Pictures aside, repeat the whole listing word for word.

» **GIVEN MATERIAL**
::::

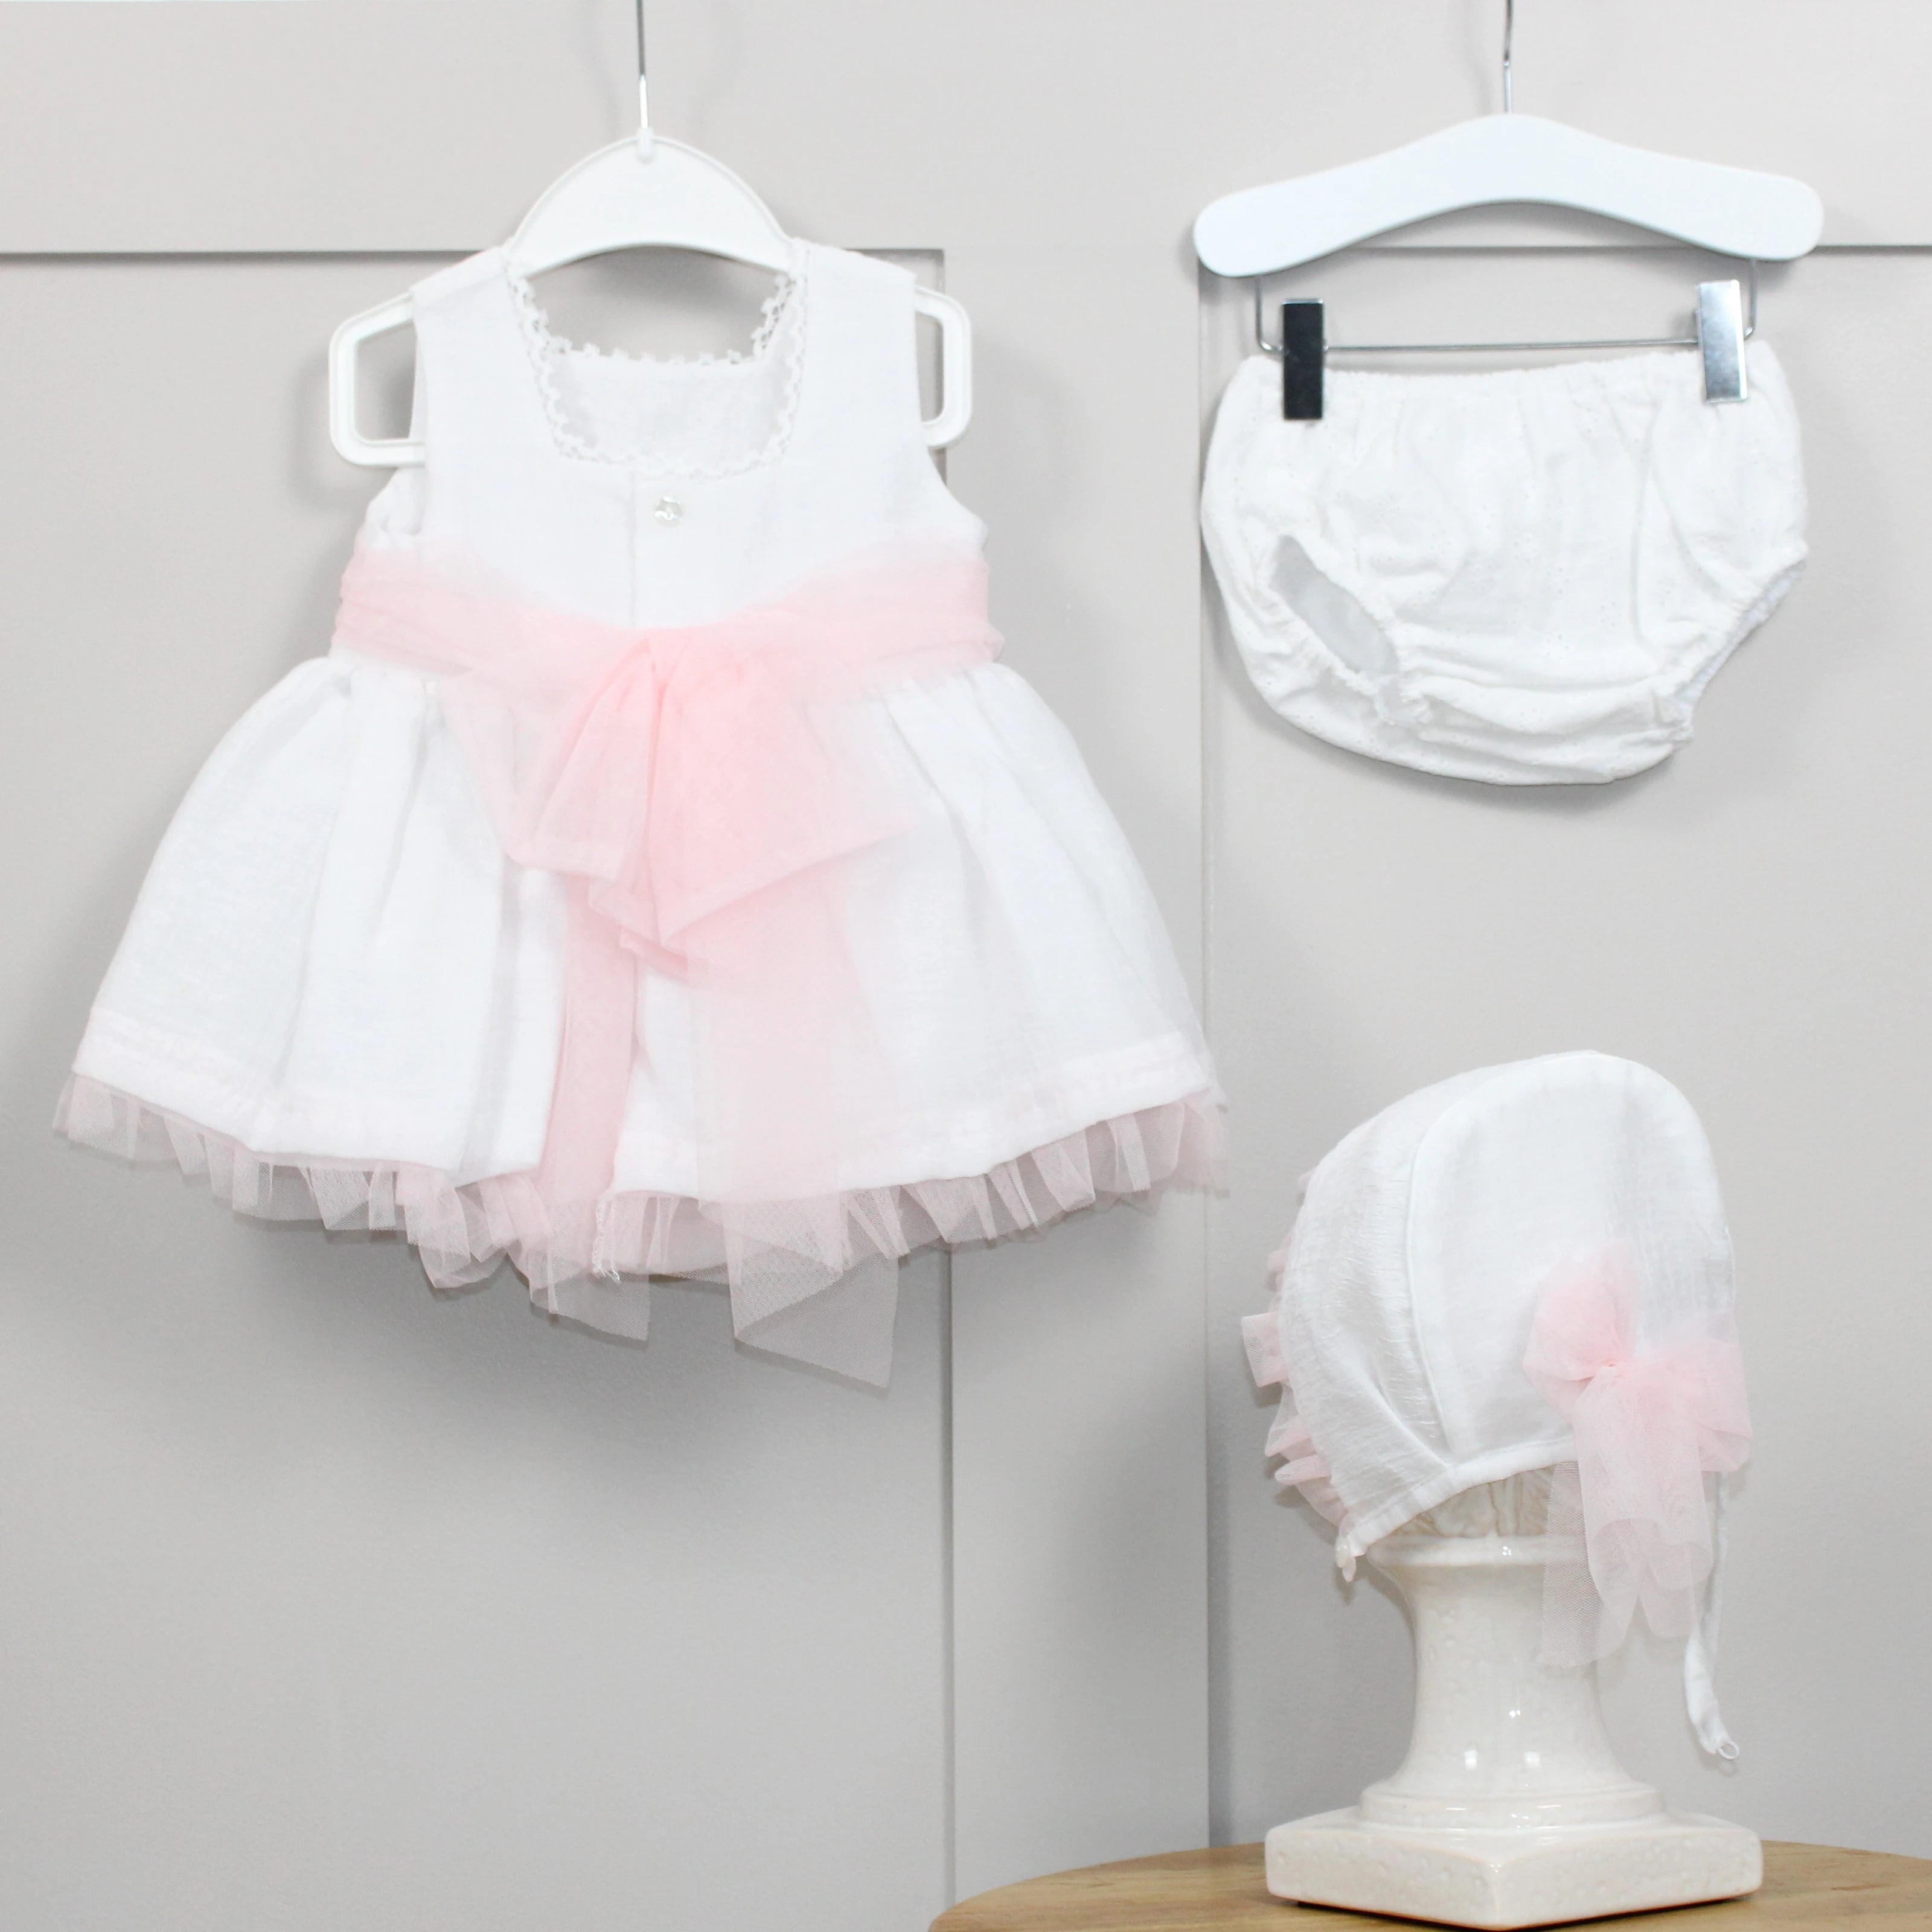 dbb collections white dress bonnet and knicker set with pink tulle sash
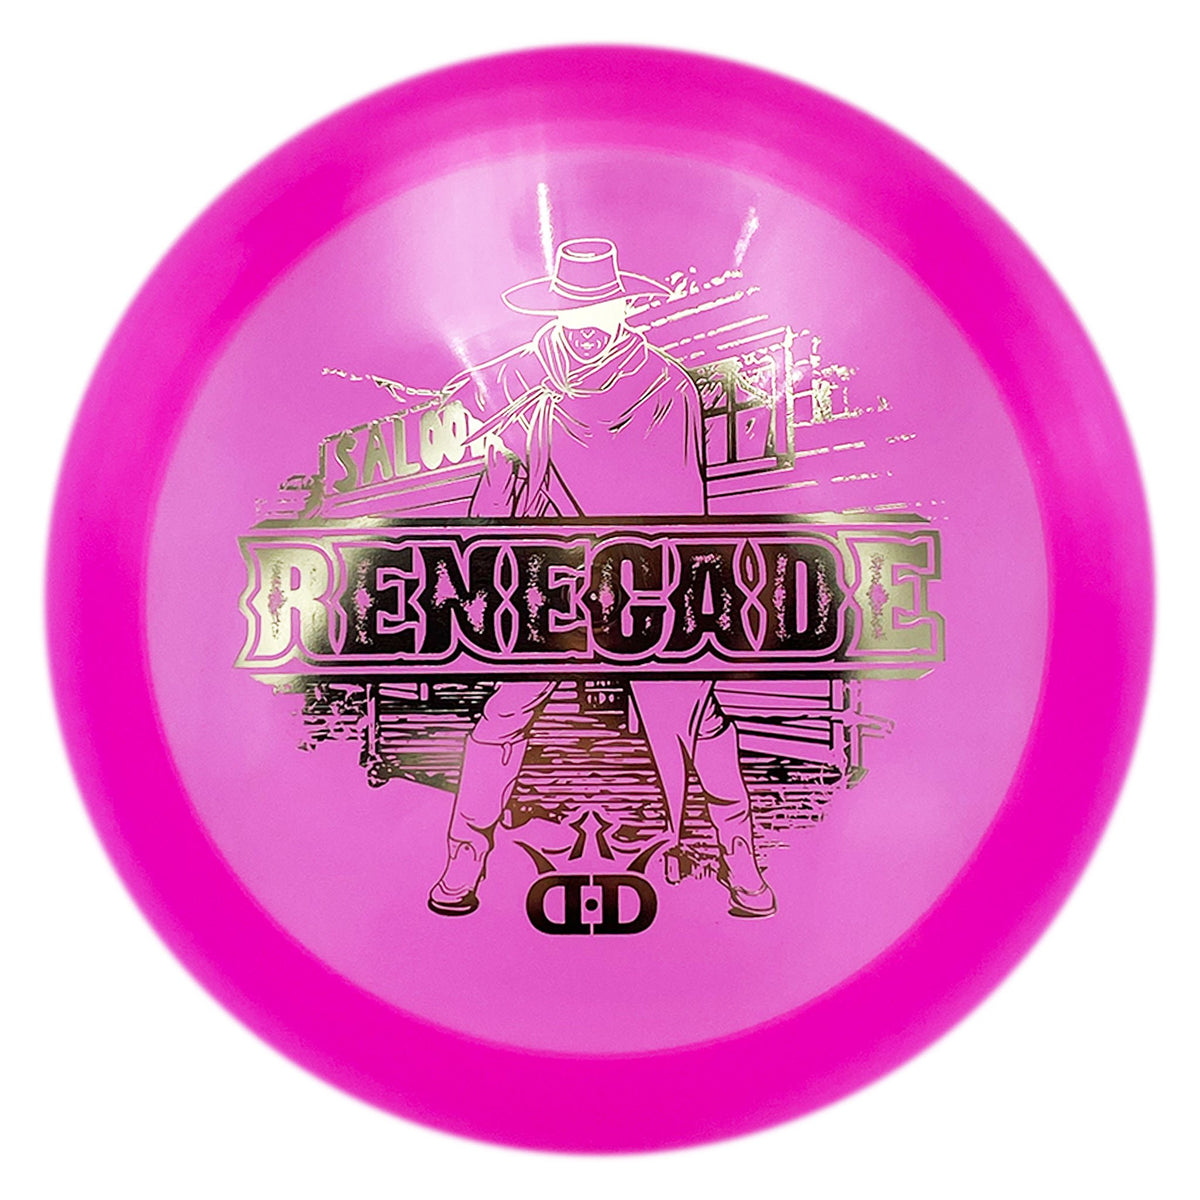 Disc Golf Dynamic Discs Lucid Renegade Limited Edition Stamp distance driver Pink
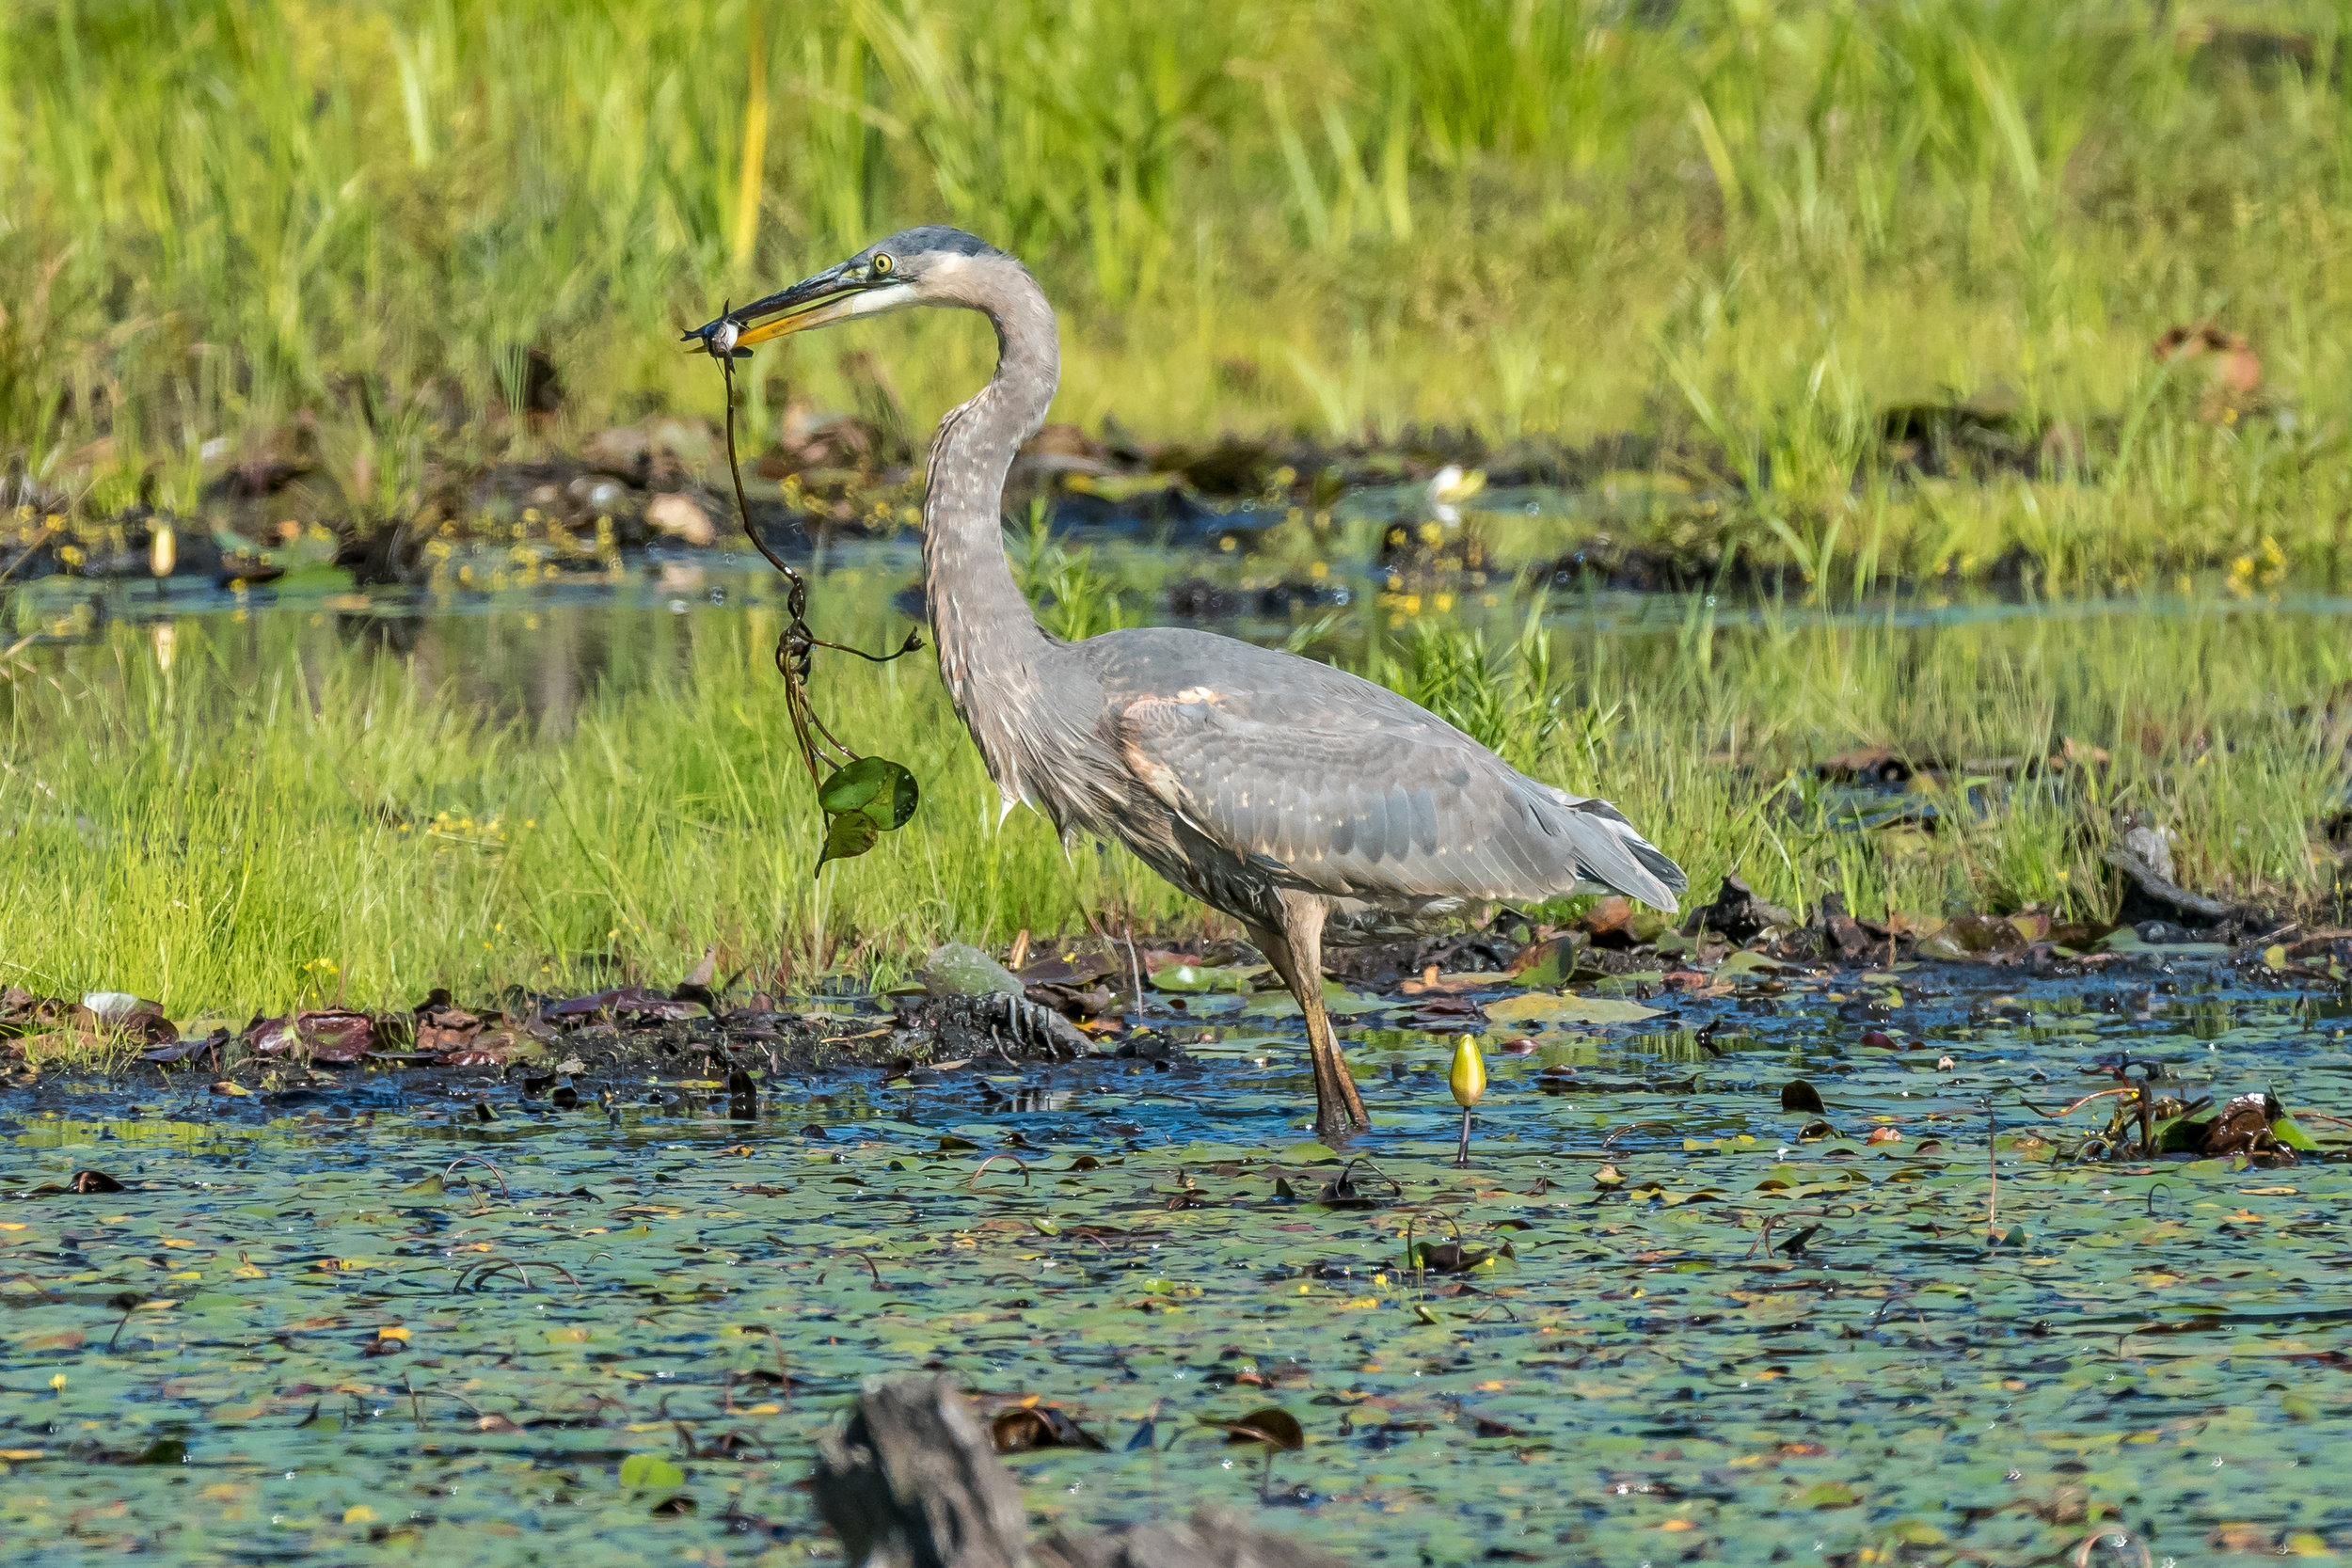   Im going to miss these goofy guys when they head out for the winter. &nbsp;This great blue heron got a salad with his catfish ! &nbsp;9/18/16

::::

» **OUTPUT OF THE TASK**
 dbb collections white dress bonnet and knicker set with pink tulle sash
 Disc Golf Dynamic Discs Lucid Renegade Limited Edition Stamp distance driver Pink
   Im going to miss these goofy guys when they head out for the winter. &nbsp;This great blue heron got a salad with his catfish ! &nbsp;9/18/16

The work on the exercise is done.